Analysis

The calendar this week includes US existing home sales

Outlook:

We got no real change from the central bank in Japan and no real change is expected from the central bank in Canada, and that leaves the ECB on Thursday. Is there anything cooking? Nobody knows.

The calendar this week includes US existing home sales, not usually an FX mover, and we have to wait until Friday before we get the Jan flash PMI's. That leaves us nearly a whole week to contemplate the Chinese virus story and the overall importance of China in the grand scheme of things, plus the Trump impeachment (see below).

Commentary is starting to emerge that China not only won the trade war, but is winning the global hegemon battle, too. It's terribly slow and the US is not giving up the crown just yet, but China's globalization philosophy, if you can call it that, is the winner, not Trumpian xenophobia. China has not engaged in any war-like activities in decades (content to oppress its own people) and sets a model of sorts with the Belt and Road initiative. We don't buy it, but it's an emerging thesis—Trump has ruined the US reputation as a world leader, leaving the race open to others. European are cowardly. The British are busy. Japan doesn't want the job. Nobody respects the oppressive Chinese regime—especially censorship and racism and plenty of other features, too—but there is something resembling leadership going on.

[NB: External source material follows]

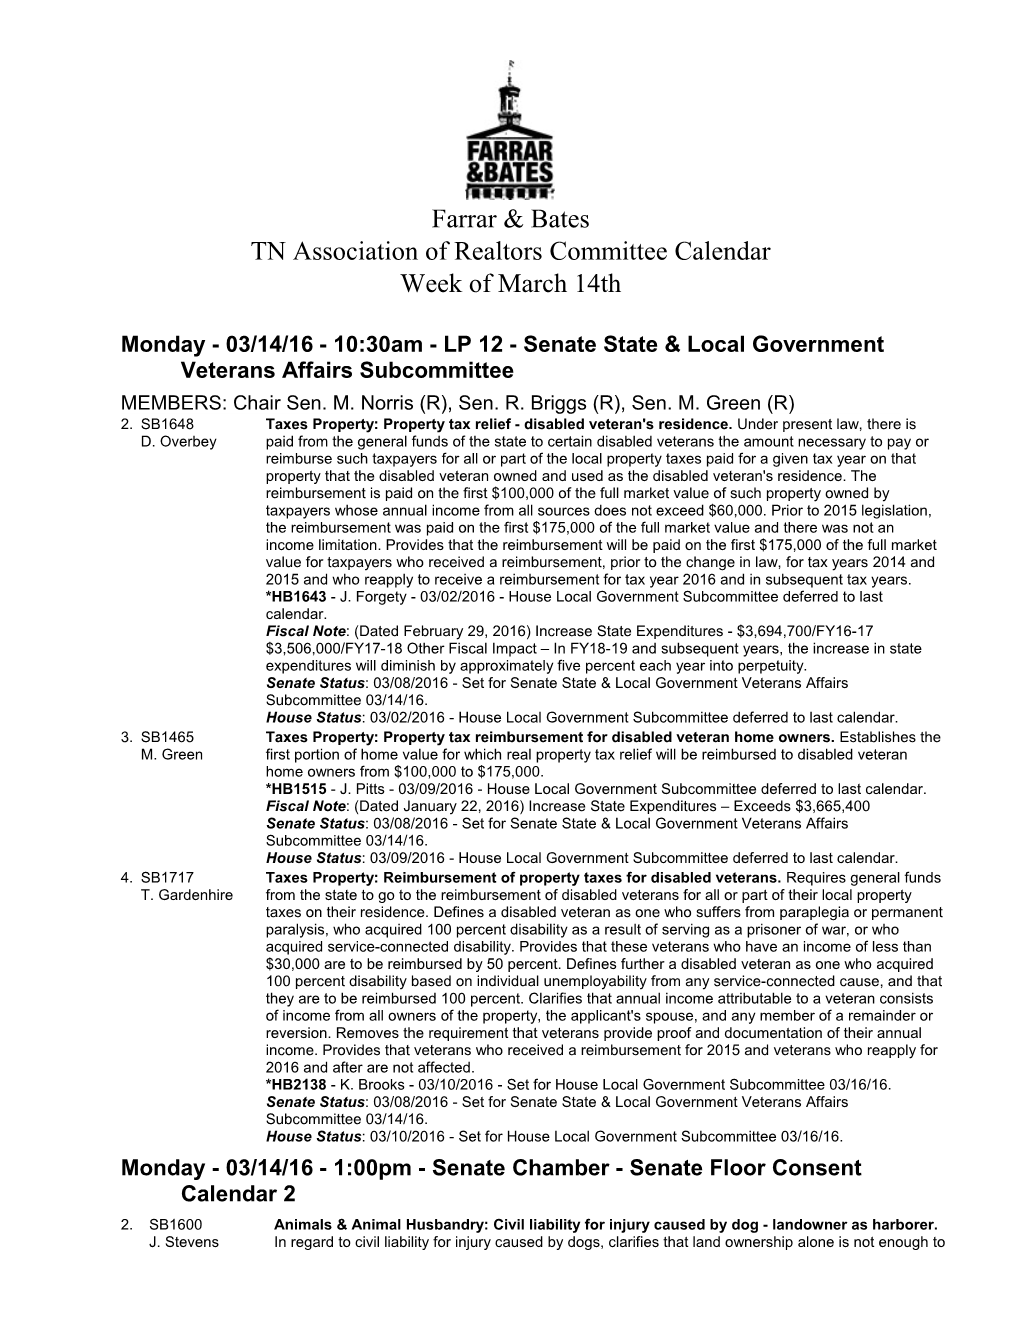 Monday - 03/14/16 - 10:30Am - LP 12 - Senate State & Local Government Veterans Affairs

And while the yuan is hardly a top-drawer currency embraced by all, it is having an effect, perhaps for the first time ever, on a currency that is a major—the yen. We have seen the yen (and AUD) move along with developments in the US-China trade war, but we have not seen before today a direct one-to-one price move. This was detected by the astute Gittler at BDSwiss. See his chart.

As for the FX forecast, we continue to think that a contributing factor has to be Events. We have fundamentals, we have technicals, we have professional positioning, but we also have Events. In recent memory, the big Events have been Brexit and before that, Grexit. For a slew of reasons, the Trump partial ruination of the US economy is overlooked because the stock market has been manic. If it were to go depressive, Trump would get some blame.

The point is that financial markets are willing to overlook Trump as an Event because other factors are so massive. But Trump is an Event. Assuming the impeachment flops, Trump can still be seen as an Event for endangering the world by menacing N. Korea and then "falling in love," very nearly starting a war with Iran, the tariff wars and subsequent subsidy of US farmers, catastrophically rising income inequality, etc. And the unfitness may even be visible in his weight gain—the guy is fat—and inability to walk in a tidy fashion or speak coherently. More than one analyst notes dilated pupils, hmm. The day may come when we look back and see Trump as an Event.

Politics: The Senate impeachment trial of Trump begins this week. Hogging the airways over the long weekend, which was supposed to celebrate Martin Luther King, was Alan Dershowitz, hugely smug and always weaseling out of charges of hypocrisy. This time he claims he always said impeachment requires a crime, when we have tape of him saying the opposite in the Clinton case. Then he said "It certainly doesn't have to be a crime if you have somebody who completely corrupts the office of president and who abuses trust and who poses great danger to our liberty. You don't need a technical crime." In the Clinton case, Dershowitz said Clinton was guilty of a low crime, not a high one and thus not impeachable.

This time he says the impeachment charges should be dismissed because they do not charge "criminal-like conduct." Besides, obstruction of Congress is not named in the Constitution as a "high crime and misdemeanor" and shouldn't be an impeachable offense because it would set a terrible precedent. This is an interesting point but doesn't begin to address separation of powers.